Individualised immunotherapy

The opsonin index: “Send a drop of the patient’s blood to the laboratory at St. Anne’s; and in fifteen minutes I’ll give you his opsonin index in figures. If the figure is one, inoculate and cure: if it’s under point eight, inoculate and kill”. “To inject a vaccine into a patient without first testing his opsonin is as near murder as a respectable practitioner can get”.

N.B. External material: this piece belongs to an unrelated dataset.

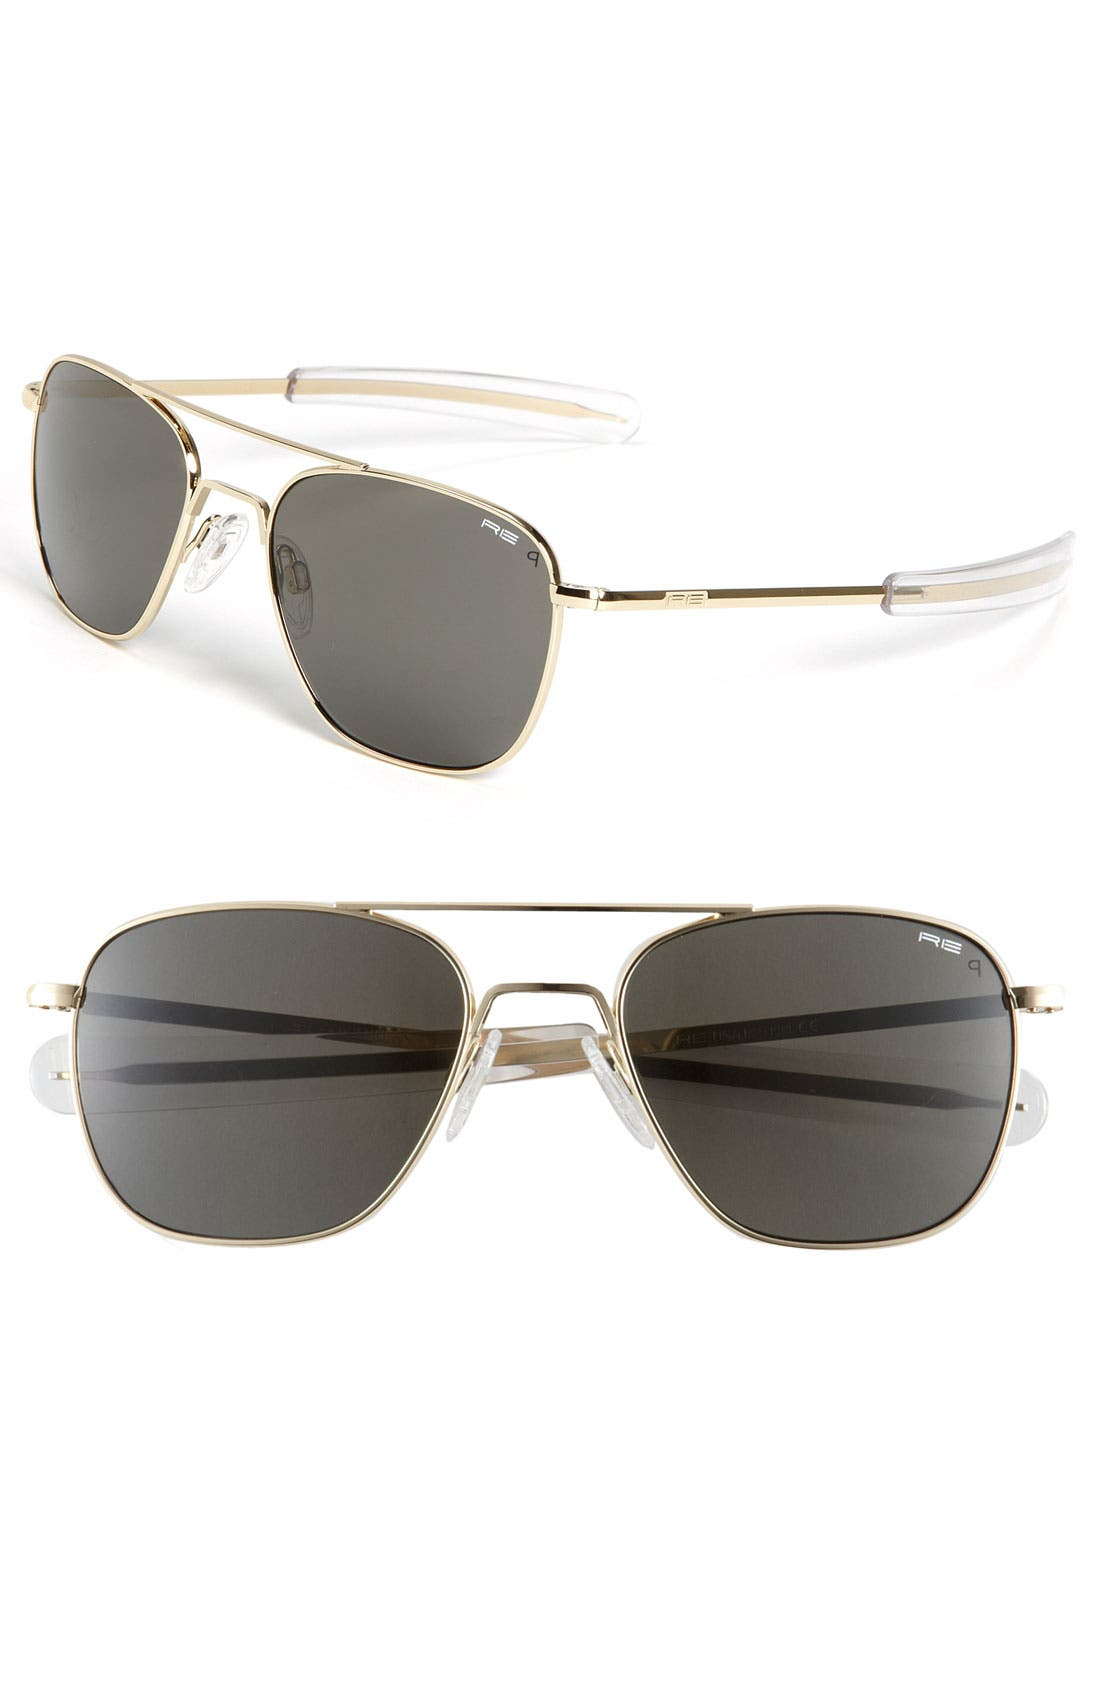 Main Image - Randolph Engineering 'Signature' Polarized Aviator 55mm Sunglasses

HLA-DR expression on monocytes might constitute a useful indicator of the immunological status of the individual patient with sepsis and a guide for treatment. Patients with CARS, as manifested by low HLA-DR expression, might benefit from immunostimulants, while patients with SIRS and normal or high monocyte HLA-DR expression should receive treatment directed to interfere with pro-inflammatory pathways.14 Osuchowski et al.15 stratified mice using IL-6 as an early biomarker and showed that targeted immunosuppression decreased mortality in mice with predicted poor outcome. However, Panacek at al.16 have shown that using IL-6 to stratify patients receiving anti-tumour necrosis factor therapy (n = 2634) showed an decrease in mortality. A currently registered Chinese study of tocilizumab in COVID-19 management stratifies patients by IL-6 levels (ChiCTR2000029765).17

Conclusion

In Shaw’s time (pre-antibiotics), the only solution was to stimulate the phagocytes. However, immunomodulation is still not an exact science in sepsis although carefully stratified individualised care is well established in cancer. The advent of antibiotic resistance has led to a resurgence in interest in immunomodulatory adjunctive therapy. Interestingly, this mirrors the research of Sir Almroth Wright and his research group in St. Marys over 100 years ago.

“I’m not belittling your discovery. Most discoveries are made regularly every fifteen years; and it’s fully a hundred and fifty since yours was last made. That’s something to be proud of”. Therefore, Sir Almroth Wright in his time known as Sir Always Wrong was probably Sir Almost Wright.